_DATA PROVIDED_:
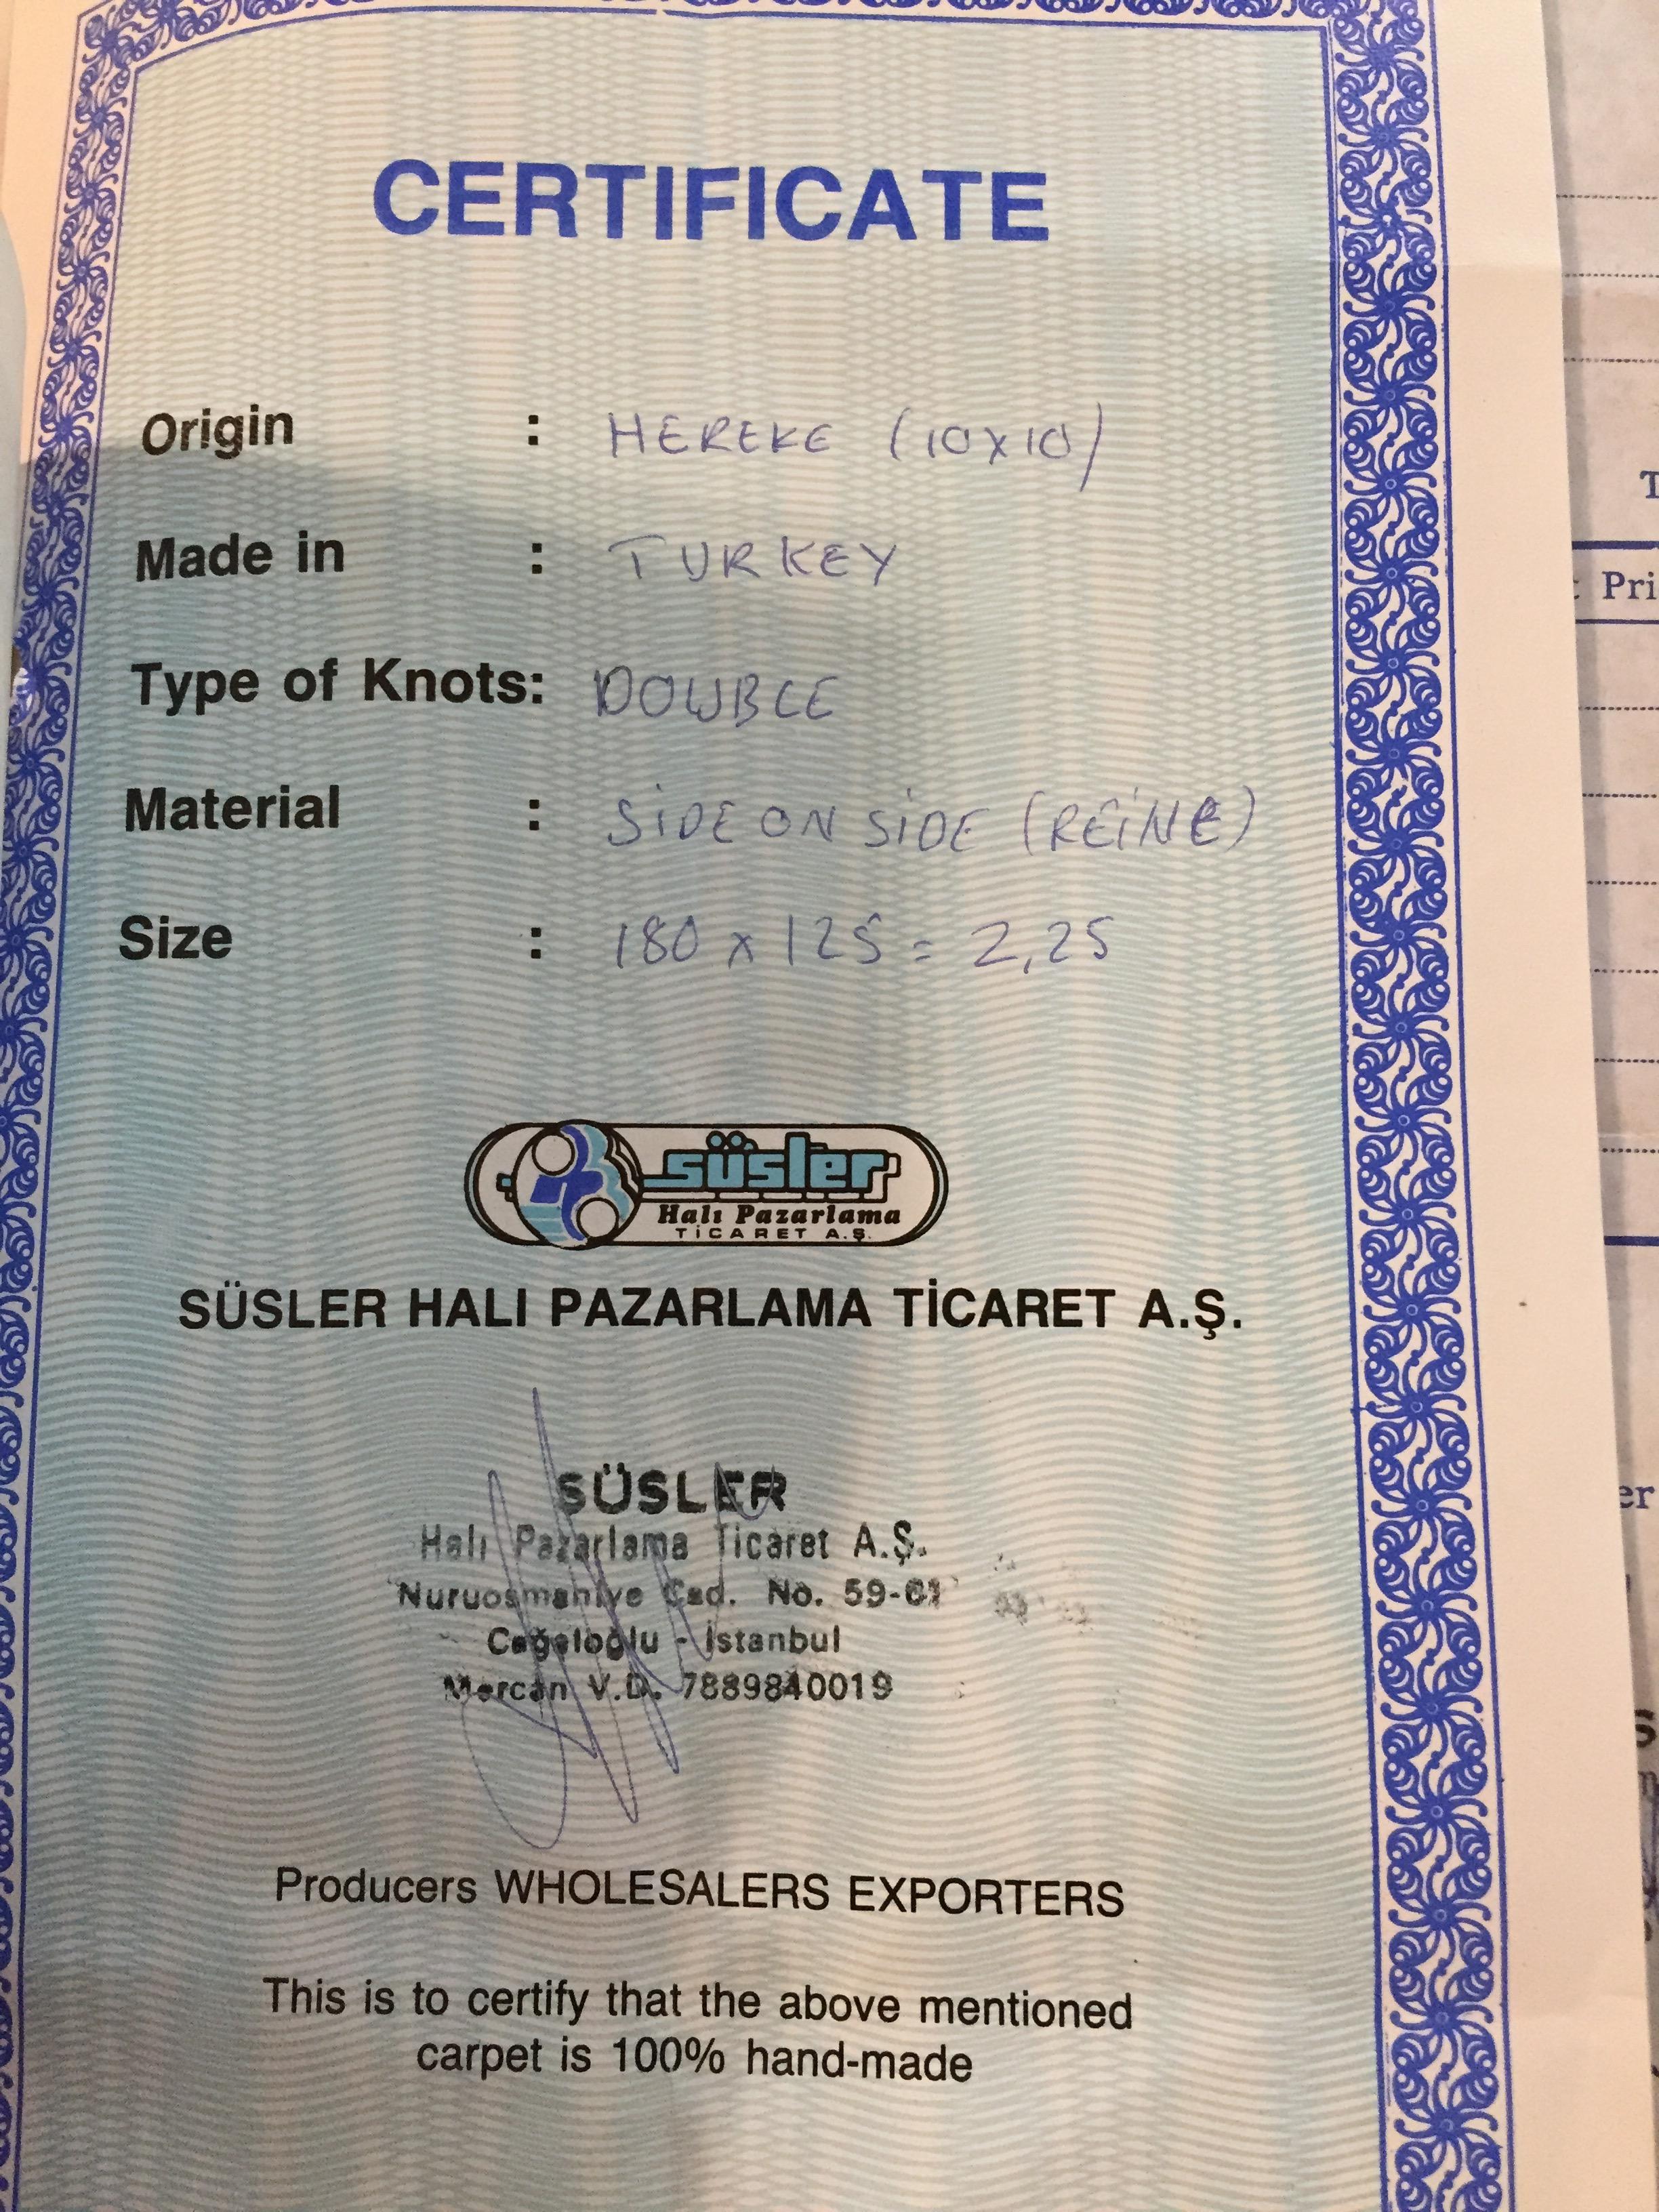 Pure Silk Carpet Region Hereke Turkey with Certificate 13
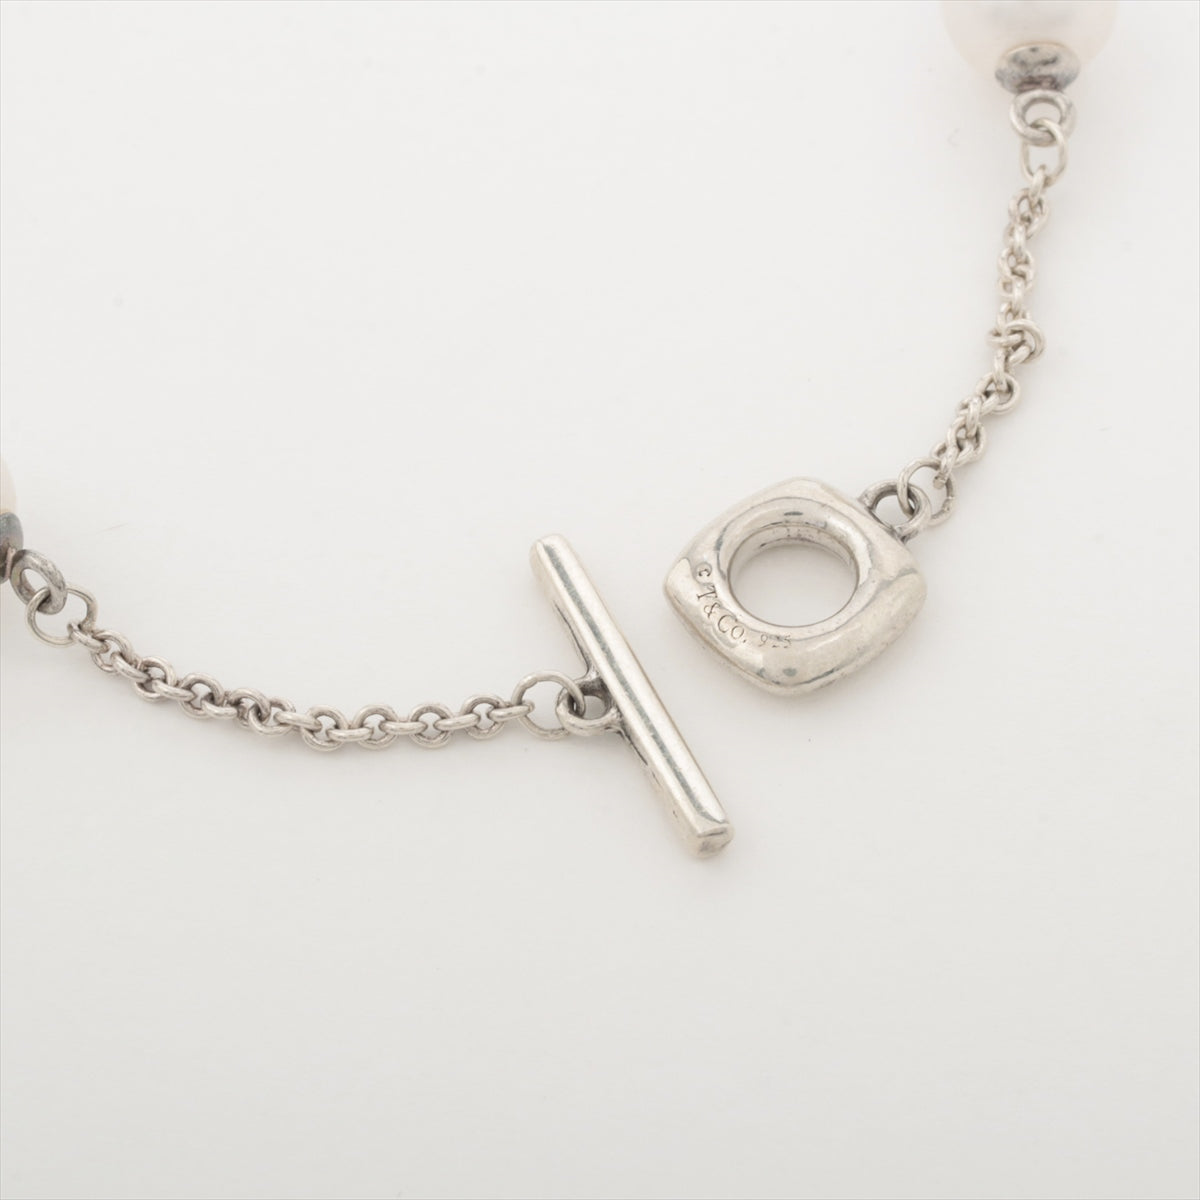 Tiffany open square Bracelet 925 x pearl 5.2g Silver
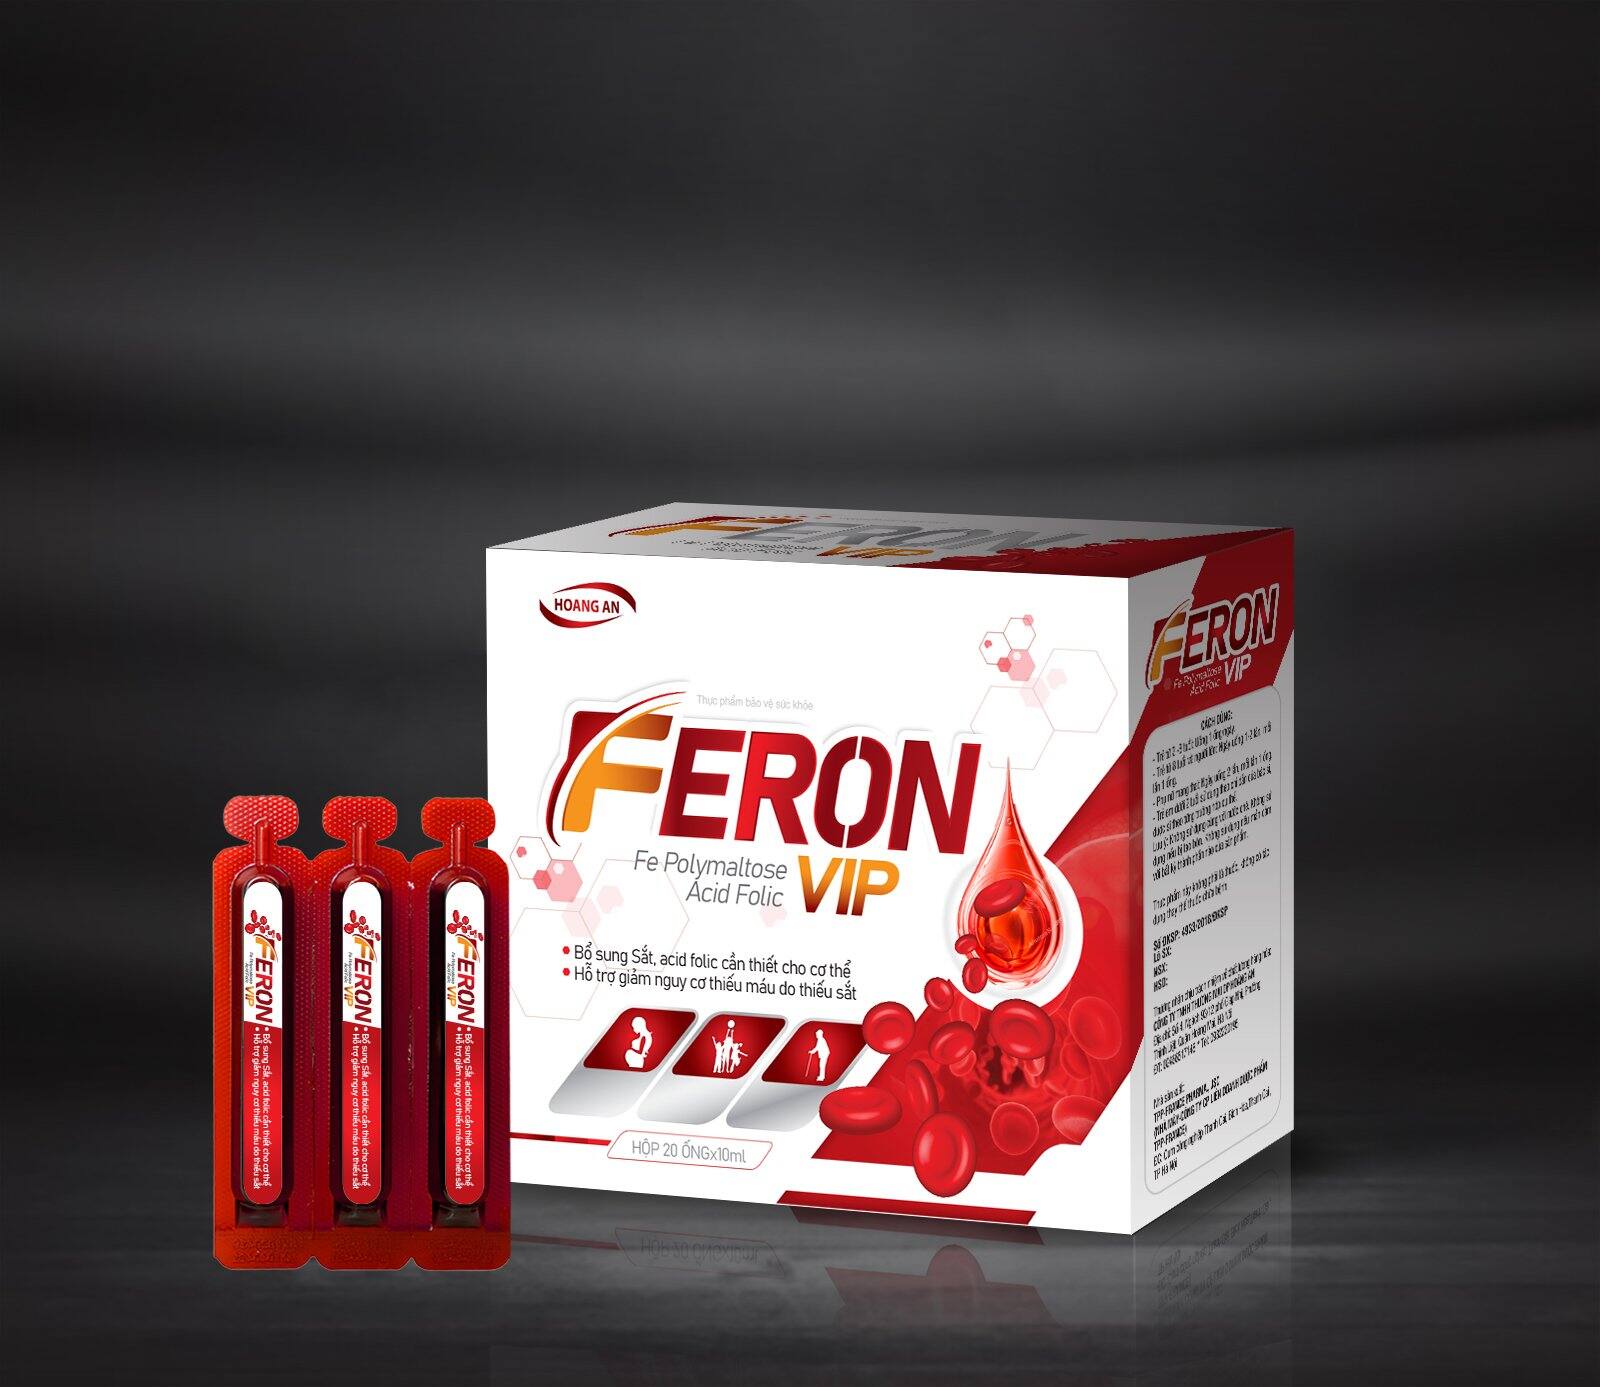 Sắt Feron vip  Bổ sung sắt, Acid folic cho phụ nữ mang thai và cho con

_INSTRUCTIONS TO FOLLOW_: Only the pictures are to be left out, and all of the data must otherwise be transcribed exactly.

_EXERCISE SOLUTION_:
 Pure Silk Carpet Region Hereke Turkey with Certificate 13
 Tiffany open square Bracelet 925 x pearl 5.2g Silver
 Sắt Feron vip  Bổ sung sắt, Acid folic cho phụ nữ mang thai và cho con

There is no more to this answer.